I decided to keep Pete after she healed for two reasons. First, I felt like she could be singled out by raptors because she appears injured to some degree, with her wing somewhat out of place. Second though, after a relatively short time, Pete began to bond with me, and became tame quickly. As for the name, you've probably figured that out -- I thought she was a "he" initially, and refused to change the name after she began laying eggs, particularly because it was a name she recognized.  

From her size, I could tell that Pete was young, under a year old. She laid her first eggs in July. I'd heard that pigeon hens do not lay eggs until they are at least 6 months old. So I figured that Pete must have been a January baby. My mom's birthday is in January, on the 31st, so I figured I'd make life easy and celebrate the birthdays of the two most important women in my life on the same day.  

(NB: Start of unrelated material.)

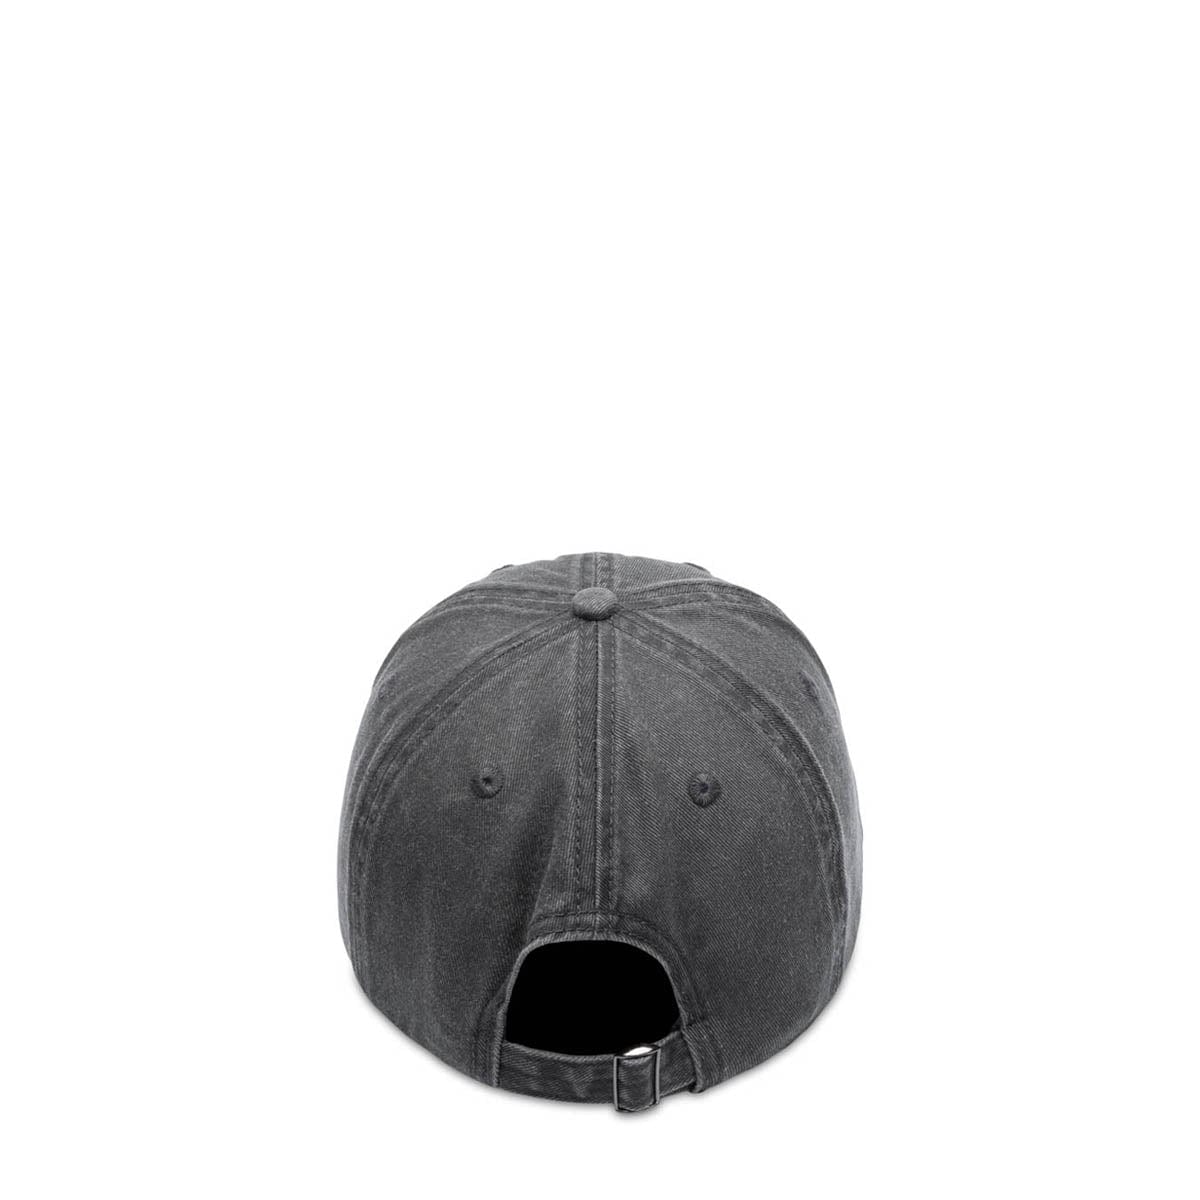 Metalwood Studio Headwear BLACK / O/S ENERGY TRANSFER 6-PANEL HAT

Pete has been a wonderful blessing since her arrival. Sure, we've had our moments of wing slaps, grunting and grousing, and random droppings ... but hey, every family has its moments  Those moments pale in comparison to the number of times I have smiled while watching Pete patrol the floor of the house with her cute little head bobbing, or the warm affection i feel as she greets me with pecking "pij kisses" in the morning, or the sense of accomplishment after we finish building a nest, in preparation for eggs. As I mentioned in another posting, recently she tried to sing along with Ray Charles' "I Got a Woman" -- classic moment, I laughed 'til cried. And there is no substitute in the world for the feeling of affection as I hold her in my hand, and she allows me to pet her behind the head, under the beak, and along her shoulders.

Attached are some pics of Ms. Pete. Tonight, she and I will hang out together for awhile, and I will feed her as many treats as she desires.


----------



## dekebrent (Jun 17, 2005)

*More Pete Pics*

More pics of the birthday hen ...


----------



## Maggie-NC (Jun 22, 2005)

Hi Derrick and thanks for the pictures of Pete. She sure is a beauty. It never ceases to amaze me how they can worm their way into your heart. 

Wish I could do something fancy for birthday wishes but I am so glad she found you and wish her a great birthday.

Maggie


----------



## Victor (Dec 18, 2004)

VERY VERY nice pictures of Pete . I love the finger biting one best. He looks like thinks he is doing some serious damage there. Happy birthday!


----------



## pigeonmama (Jan 9, 2005)

Derrick,
I just love Pete's little "fuzzy bedroom slippers" feet. She is very much loved, it's obvious.
Daryl
Happy Birthday Beautiful Pete.


----------



## Skyeking (Jan 17, 2003)

*Birthday hen*

Hi dekebrent!

....why I wouldn't miss this one for anything.....


Congratulations & a happy 1st birthday, Pete!!!   

She is doing quite well I see, healthy, & happy!


----------



## dnrslucky1 (Oct 13, 2005)

Happy Birthday Pete! I loved the pictures! A very loved and spoiled bird, Which she deserves to be!


----------



## TAWhatley (Mar 6, 2001)

Happy Birthday, Pete! I know you had a great day and probably totally binged on all those wonderful treats from your Papa!

Terry


----------



## Pigeonpal2002 (Jul 27, 2002)

Hi Derrick, 

Your story of how you came to be Pete's caregiver just one of the many wonderful stories that we've become familiar with on this forum. It's stories like yours that remind us why pigeons are so special and close to the heart. 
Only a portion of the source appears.